_Stored data_:
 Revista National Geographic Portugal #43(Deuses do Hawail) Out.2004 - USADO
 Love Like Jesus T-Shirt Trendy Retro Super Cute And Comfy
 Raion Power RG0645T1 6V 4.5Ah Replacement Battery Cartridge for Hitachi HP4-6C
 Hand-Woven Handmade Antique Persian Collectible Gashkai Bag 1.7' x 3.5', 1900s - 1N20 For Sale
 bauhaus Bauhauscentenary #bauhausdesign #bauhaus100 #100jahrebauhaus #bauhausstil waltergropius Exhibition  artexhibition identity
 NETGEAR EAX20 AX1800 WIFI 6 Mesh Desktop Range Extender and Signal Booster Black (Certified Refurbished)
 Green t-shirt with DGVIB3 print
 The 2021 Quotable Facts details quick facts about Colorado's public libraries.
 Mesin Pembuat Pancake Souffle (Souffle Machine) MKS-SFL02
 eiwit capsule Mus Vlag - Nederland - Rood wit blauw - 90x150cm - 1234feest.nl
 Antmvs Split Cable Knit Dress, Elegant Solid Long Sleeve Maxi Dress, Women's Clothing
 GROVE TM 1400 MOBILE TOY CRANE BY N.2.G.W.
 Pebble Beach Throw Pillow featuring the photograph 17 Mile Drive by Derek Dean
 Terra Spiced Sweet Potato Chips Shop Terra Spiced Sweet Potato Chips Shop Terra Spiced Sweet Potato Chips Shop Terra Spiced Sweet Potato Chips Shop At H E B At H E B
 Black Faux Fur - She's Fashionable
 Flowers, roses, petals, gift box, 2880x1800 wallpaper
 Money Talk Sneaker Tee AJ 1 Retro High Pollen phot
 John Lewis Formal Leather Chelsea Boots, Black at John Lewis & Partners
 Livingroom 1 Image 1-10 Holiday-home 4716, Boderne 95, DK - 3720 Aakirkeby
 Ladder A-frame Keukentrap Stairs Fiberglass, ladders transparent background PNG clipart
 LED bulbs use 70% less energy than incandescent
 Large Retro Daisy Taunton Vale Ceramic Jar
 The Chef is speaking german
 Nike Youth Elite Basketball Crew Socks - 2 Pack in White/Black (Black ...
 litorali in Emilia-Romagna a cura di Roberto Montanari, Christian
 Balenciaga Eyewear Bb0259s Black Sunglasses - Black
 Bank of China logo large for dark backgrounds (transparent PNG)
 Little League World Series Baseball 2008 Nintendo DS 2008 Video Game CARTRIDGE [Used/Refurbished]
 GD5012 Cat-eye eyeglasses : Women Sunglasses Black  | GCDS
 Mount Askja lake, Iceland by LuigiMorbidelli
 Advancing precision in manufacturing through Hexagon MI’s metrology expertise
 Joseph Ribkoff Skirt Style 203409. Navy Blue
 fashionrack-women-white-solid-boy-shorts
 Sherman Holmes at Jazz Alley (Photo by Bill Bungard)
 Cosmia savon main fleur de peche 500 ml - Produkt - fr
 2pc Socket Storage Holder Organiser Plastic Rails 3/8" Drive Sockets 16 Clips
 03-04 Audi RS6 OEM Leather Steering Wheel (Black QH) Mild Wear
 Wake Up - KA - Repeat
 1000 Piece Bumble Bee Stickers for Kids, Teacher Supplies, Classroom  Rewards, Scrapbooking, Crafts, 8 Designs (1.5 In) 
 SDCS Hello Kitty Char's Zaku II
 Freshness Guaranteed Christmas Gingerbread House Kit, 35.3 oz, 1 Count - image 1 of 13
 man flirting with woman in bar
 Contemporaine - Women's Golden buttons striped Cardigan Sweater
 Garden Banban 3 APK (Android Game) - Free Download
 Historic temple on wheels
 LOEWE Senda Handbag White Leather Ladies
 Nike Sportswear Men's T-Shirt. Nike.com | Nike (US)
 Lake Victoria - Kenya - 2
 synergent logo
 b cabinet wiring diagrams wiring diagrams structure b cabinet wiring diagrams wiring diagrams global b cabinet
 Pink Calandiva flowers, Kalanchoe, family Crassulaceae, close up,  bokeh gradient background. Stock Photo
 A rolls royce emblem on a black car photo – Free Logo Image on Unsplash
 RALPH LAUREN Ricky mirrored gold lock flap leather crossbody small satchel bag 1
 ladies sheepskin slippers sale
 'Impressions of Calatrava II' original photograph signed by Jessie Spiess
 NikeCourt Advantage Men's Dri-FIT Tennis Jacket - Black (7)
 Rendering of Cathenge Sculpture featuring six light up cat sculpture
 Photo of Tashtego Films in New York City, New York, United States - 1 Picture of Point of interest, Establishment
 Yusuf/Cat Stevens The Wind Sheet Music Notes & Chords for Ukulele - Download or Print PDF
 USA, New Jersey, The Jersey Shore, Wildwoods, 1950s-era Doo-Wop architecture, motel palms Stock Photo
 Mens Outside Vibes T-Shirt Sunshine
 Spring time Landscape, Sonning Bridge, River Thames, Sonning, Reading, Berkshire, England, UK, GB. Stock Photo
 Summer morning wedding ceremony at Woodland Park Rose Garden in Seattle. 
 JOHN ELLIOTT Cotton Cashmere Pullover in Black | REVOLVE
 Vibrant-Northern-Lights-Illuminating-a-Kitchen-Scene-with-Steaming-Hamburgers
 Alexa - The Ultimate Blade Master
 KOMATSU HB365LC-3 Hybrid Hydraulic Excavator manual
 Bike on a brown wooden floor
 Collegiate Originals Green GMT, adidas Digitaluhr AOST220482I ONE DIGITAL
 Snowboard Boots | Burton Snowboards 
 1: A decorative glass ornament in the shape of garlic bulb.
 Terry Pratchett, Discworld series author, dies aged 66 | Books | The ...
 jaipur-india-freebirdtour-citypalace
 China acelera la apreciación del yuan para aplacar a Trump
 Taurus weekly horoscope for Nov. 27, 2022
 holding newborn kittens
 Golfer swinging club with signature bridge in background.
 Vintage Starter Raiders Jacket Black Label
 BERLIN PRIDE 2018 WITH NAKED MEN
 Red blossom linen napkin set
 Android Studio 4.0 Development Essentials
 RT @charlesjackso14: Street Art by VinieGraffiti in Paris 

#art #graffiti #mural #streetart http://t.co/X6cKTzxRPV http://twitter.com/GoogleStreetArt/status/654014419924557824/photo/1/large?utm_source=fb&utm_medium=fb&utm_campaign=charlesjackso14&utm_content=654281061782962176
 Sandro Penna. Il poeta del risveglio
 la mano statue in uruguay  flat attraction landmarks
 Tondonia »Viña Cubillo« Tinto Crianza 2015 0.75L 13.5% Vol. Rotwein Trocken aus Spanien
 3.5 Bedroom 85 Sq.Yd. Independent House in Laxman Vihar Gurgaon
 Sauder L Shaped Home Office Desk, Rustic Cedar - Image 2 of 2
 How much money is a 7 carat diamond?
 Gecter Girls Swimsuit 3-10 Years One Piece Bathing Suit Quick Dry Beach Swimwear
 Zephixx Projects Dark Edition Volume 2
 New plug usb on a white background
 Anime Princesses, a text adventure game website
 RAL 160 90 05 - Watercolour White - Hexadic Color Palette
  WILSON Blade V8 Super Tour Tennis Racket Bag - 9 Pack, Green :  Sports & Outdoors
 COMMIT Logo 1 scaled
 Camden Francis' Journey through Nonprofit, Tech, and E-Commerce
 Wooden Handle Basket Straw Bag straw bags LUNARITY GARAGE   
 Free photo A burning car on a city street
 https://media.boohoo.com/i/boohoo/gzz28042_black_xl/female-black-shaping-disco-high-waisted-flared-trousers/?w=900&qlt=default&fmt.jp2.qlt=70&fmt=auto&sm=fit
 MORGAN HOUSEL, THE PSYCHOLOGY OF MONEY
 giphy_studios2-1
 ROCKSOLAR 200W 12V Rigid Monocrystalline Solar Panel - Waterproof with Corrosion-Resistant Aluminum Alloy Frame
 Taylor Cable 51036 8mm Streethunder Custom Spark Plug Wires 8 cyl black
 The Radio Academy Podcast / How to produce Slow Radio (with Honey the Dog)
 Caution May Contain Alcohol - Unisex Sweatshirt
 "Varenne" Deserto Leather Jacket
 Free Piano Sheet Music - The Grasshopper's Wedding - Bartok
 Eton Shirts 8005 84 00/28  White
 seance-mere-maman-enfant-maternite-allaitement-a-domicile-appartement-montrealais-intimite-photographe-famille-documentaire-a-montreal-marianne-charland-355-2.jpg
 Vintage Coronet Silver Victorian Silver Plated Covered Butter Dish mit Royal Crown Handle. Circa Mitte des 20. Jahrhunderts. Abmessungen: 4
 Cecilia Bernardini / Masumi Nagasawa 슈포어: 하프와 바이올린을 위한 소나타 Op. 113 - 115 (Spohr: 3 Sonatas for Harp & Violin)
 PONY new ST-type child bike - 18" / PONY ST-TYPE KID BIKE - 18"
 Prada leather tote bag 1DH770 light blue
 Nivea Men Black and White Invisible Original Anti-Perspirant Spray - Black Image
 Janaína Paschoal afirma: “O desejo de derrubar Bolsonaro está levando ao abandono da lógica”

_What to work on_:
Each line containing "Drive" belongs in the answer; pick these out of the material and copy them.

_Exercise solution_:
 Pebble Beach Throw Pillow featuring the photograph 17 Mile Drive by Derek Dean
 2pc Socket Storage Holder Organiser Plastic Rails 3/8" Drive Sockets 16 Clips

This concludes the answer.